In the appendix, the independent advisor must, “Be independent and have no connection or stake holding with the licensee, or persons with authority to control the licensee, or other licensees merging their business with the licensee, or persons with authority to control that licensee.” In section 2.2, “… it does not have shares held by a licensee or persons with authority to control the licensee, or business units in the licensee’s group, or subsidiary companies of the licensee, or a judicial person who may be in conflict with the licensee, or persons with authority to control the licensee.”

Therefore, Finansa Securities lacks qualification in the matter of independence and may not fulfill its obligations as an independent advisor, which would provide an opinion for the considerations of NBTC, pursuant to the Announcement on business mergers of 2018. This is because Chatchaval is the chairman of a company which has an indirect shareholding in Finansa Securities of 89.99% and would inevitably present an opinion to the NBTC in the matter of the merger, which would be of benefit to the parties requesting the merger.

In regards to the working procedure of the independent advisor with the Office of the NBTC, it was found that Finansa Securities, which had been appointed, normally was required to perform studies, discover information and give various opinions as ordered for action by NBTC, but it appeared that when Finansa Securities had submitted the report of its opinions to the Office of the NBTC to consider, the Office of the NBTC had the opinion that on some issues, the information was incomplete and requested additional study, otherwise it would be considered an invalid report.

However, Finansa Securities refused to undertake this, despite the Office of the NBTC’s statement to TRUE and DTAC. Eventually, through the assistance of the Office of the NBTC for the deal to proceed successfully, the Office of the NBTC became the party conducting its study and making additions to the report itself instead of the independent advisor.
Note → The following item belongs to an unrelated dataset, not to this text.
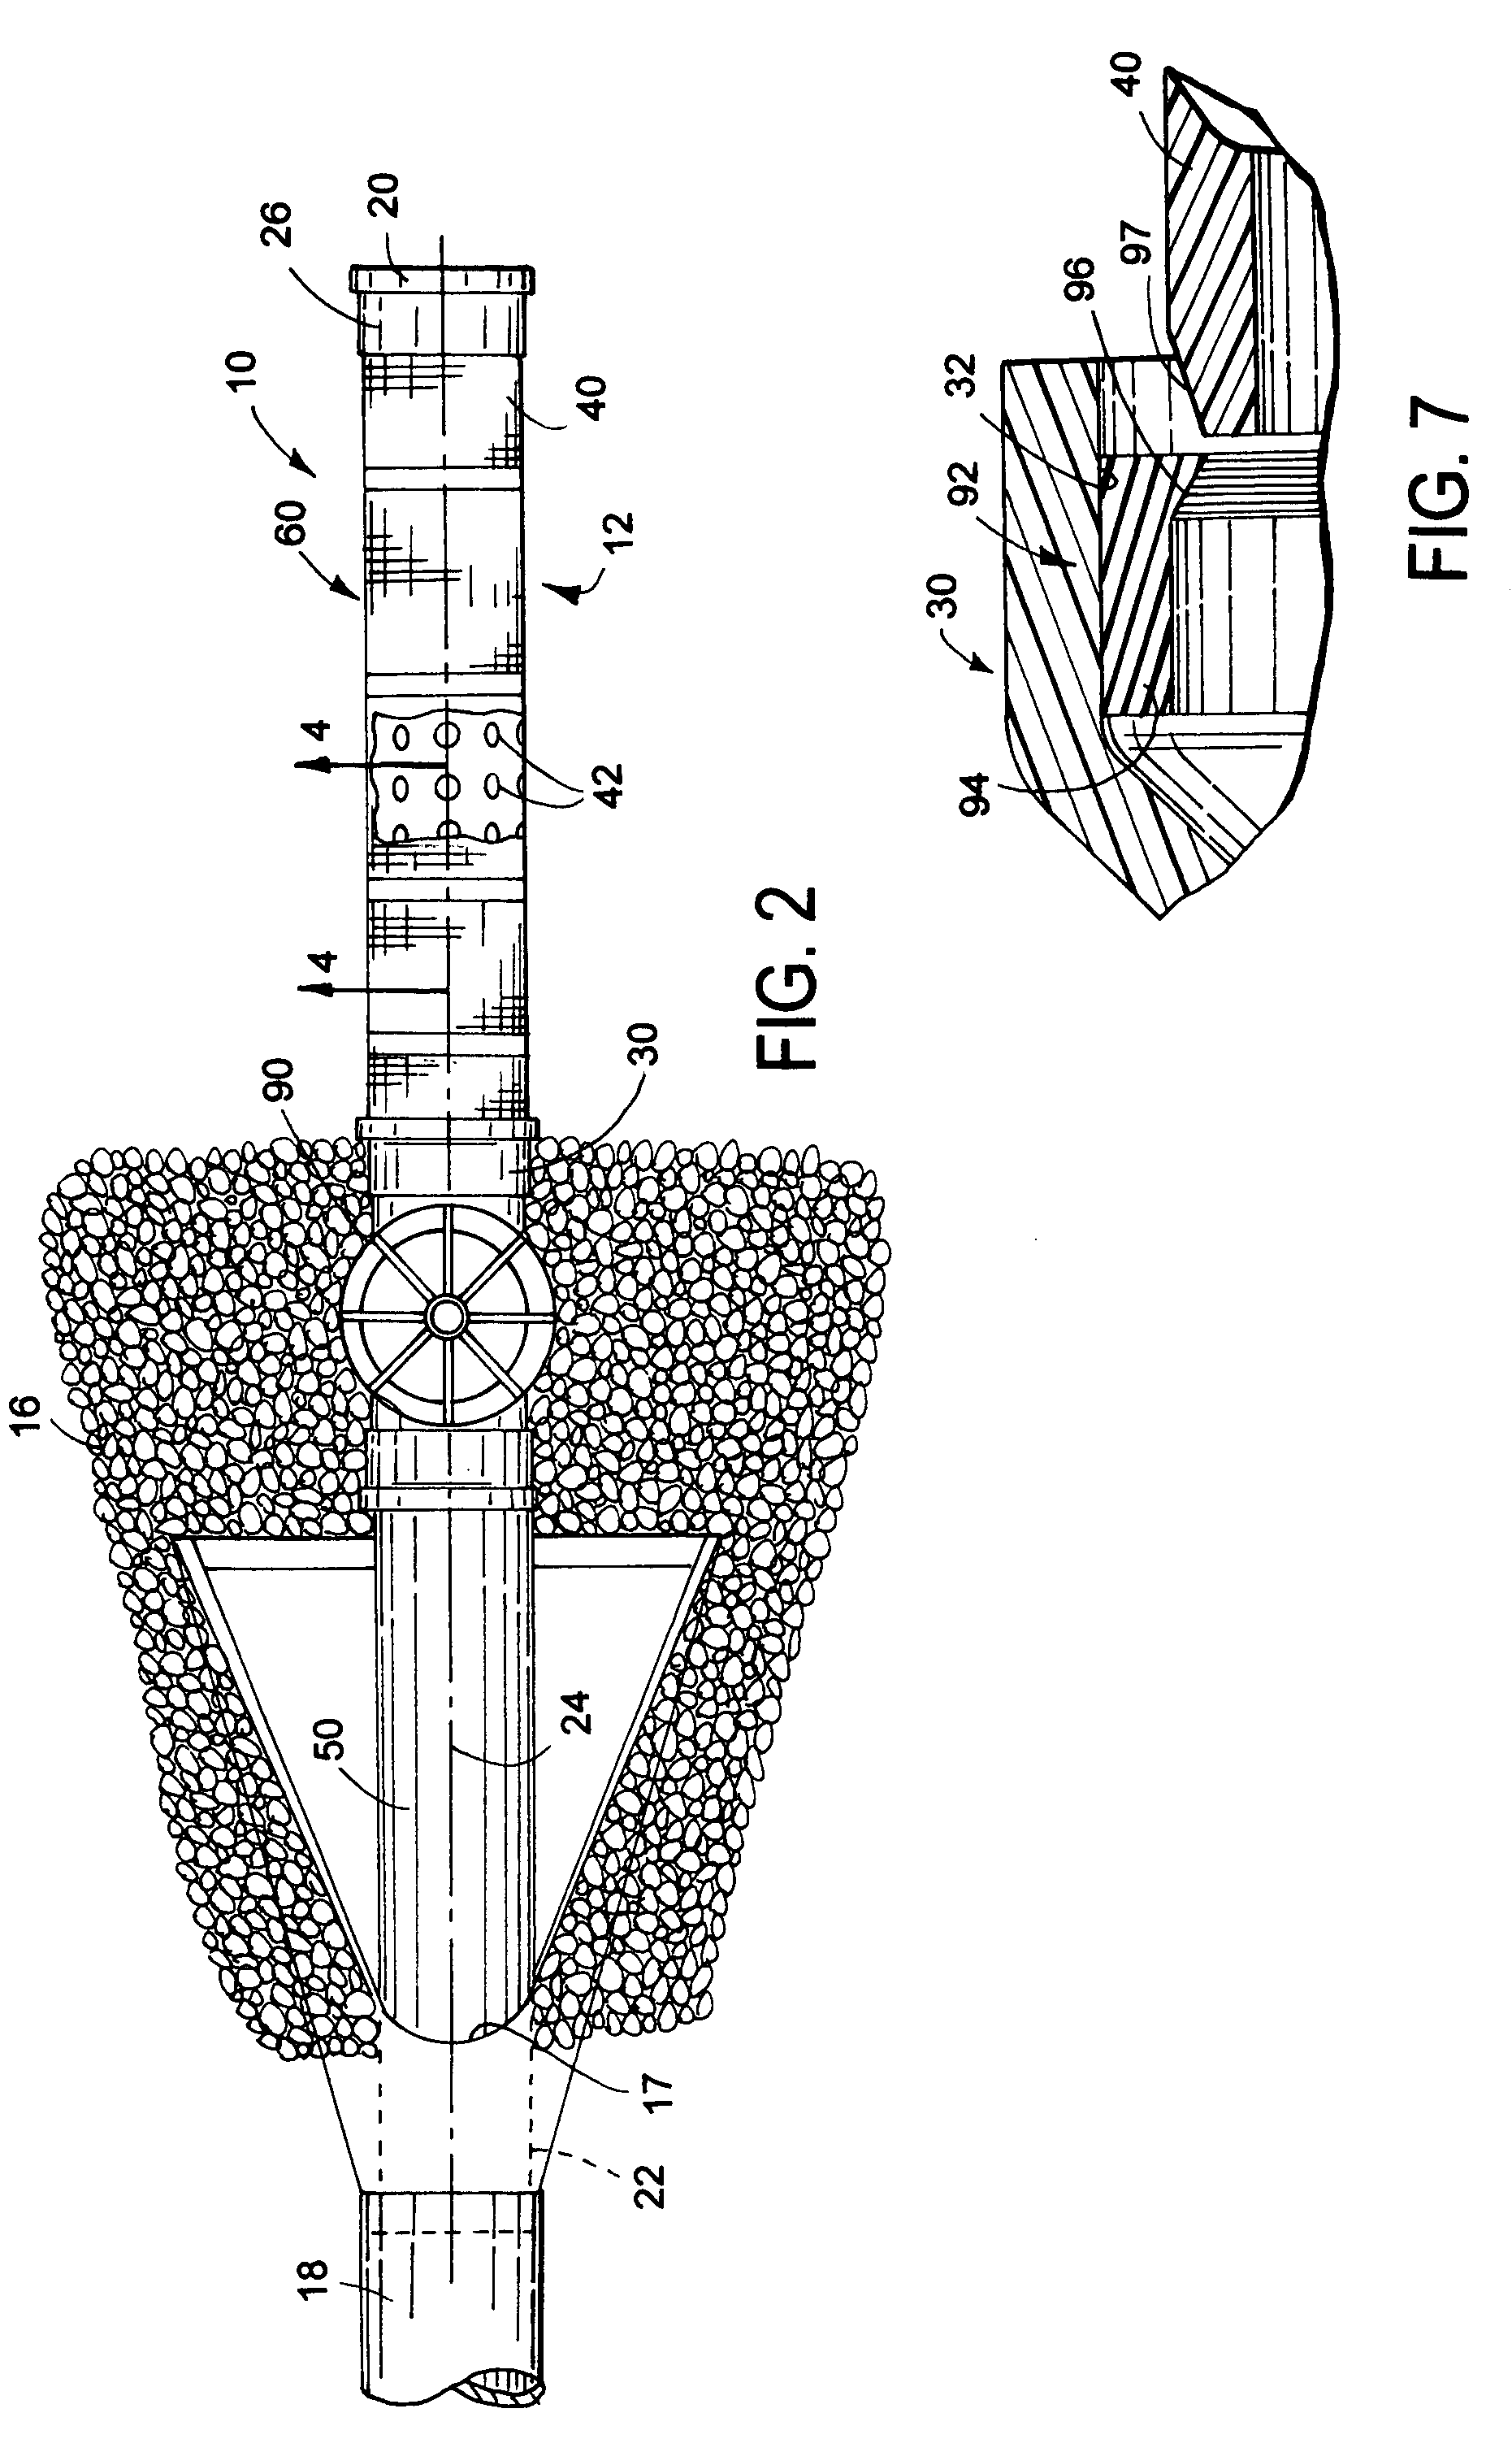 Stormwater pollution management apparatus and method of using same

For this reason, NBTC was not able to use this report to support their considerations. The independent advisor was required to make additions, otherwise it would be an incorrect report, and incomplete according to the procedure stipulated in the Announcement.

Therefore Ekachai said, that he wants to request the NBTC board to consider revoking the appointment of Finansa Securities Co., Ltd. as an independent advisor to prepare opinions supporting considerations of the merger on this occasion, and appoint an independent advisor who was completely qualified pursuant to the Announcement on business mergers of 2018, and who would be genuinely independent, without any interference from or conflict of interest with the group of companies requesting the merger.